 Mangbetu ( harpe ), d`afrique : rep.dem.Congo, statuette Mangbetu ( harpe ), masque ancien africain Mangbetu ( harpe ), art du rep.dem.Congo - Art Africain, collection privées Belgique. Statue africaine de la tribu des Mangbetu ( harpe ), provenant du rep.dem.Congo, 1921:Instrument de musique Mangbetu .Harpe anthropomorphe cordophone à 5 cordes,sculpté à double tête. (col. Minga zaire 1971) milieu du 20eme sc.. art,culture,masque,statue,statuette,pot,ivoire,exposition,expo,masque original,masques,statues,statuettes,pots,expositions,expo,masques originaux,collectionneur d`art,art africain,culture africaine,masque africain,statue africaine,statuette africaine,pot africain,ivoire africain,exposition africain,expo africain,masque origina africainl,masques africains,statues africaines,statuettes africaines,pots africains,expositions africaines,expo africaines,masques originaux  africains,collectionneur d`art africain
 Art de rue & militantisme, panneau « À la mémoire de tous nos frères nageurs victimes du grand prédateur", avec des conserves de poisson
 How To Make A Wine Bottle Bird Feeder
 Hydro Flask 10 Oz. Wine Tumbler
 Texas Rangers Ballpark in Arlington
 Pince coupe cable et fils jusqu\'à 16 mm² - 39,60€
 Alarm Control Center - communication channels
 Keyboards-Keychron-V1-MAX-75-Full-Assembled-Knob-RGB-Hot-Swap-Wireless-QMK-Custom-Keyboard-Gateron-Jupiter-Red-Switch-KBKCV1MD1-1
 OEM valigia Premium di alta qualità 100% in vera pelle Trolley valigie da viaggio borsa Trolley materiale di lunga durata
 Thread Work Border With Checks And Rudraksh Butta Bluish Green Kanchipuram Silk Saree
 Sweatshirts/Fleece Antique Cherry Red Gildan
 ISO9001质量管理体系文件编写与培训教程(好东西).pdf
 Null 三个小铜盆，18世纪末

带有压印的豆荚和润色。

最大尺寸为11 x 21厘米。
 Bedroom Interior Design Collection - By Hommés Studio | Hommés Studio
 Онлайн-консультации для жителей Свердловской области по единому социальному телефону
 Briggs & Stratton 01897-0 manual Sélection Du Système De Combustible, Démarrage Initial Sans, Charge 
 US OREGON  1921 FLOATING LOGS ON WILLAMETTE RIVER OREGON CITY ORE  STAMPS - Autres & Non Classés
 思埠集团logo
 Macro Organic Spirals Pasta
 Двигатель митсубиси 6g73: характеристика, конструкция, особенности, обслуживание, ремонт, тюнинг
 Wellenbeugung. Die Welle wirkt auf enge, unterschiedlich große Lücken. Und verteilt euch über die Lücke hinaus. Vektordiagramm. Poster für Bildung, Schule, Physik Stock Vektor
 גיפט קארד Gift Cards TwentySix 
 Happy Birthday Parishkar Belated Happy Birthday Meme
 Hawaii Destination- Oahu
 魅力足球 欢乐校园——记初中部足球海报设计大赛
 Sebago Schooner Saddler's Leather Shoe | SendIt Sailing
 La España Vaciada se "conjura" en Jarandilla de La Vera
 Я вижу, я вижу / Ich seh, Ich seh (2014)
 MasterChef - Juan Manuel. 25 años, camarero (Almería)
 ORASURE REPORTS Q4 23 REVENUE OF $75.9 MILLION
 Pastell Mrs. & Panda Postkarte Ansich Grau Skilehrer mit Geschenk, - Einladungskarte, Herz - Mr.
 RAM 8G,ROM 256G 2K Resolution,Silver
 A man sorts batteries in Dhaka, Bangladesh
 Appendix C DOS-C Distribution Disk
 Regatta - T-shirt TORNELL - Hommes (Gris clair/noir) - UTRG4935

☆ ☆ ☆ ☆ ☆

▶ **The problem**
Within the listing above, give again exactly every line from the line with "OEM valigia Premium" through the line with "обслуживание, ремонт, тюнинг", both included, and no other line.

▶ **Response box**
 OEM valigia Premium di alta qualità 100% in vera pelle Trolley valigie da viaggio borsa Trolley materiale di lunga durata
 Thread Work Border With Checks And Rudraksh Butta Bluish Green Kanchipuram Silk Saree
 Sweatshirts/Fleece Antique Cherry Red Gildan
 ISO9001质量管理体系文件编写与培训教程(好东西).pdf
 Null 三个小铜盆，18世纪末

带有压印的豆荚和润色。

最大尺寸为11 x 21厘米。
 Bedroom Interior Design Collection - By Hommés Studio | Hommés Studio
 Онлайн-консультации для жителей Свердловской области по единому социальному телефону
 Briggs & Stratton 01897-0 manual Sélection Du Système De Combustible, Démarrage Initial Sans, Charge 
 US OREGON  1921 FLOATING LOGS ON WILLAMETTE RIVER OREGON CITY ORE  STAMPS - Autres & Non Classés
 思埠集团logo
 Macro Organic Spirals Pasta
 Двигатель митсубиси 6g73: характеристика, конструкция, особенности, обслуживание, ремонт, тюнинг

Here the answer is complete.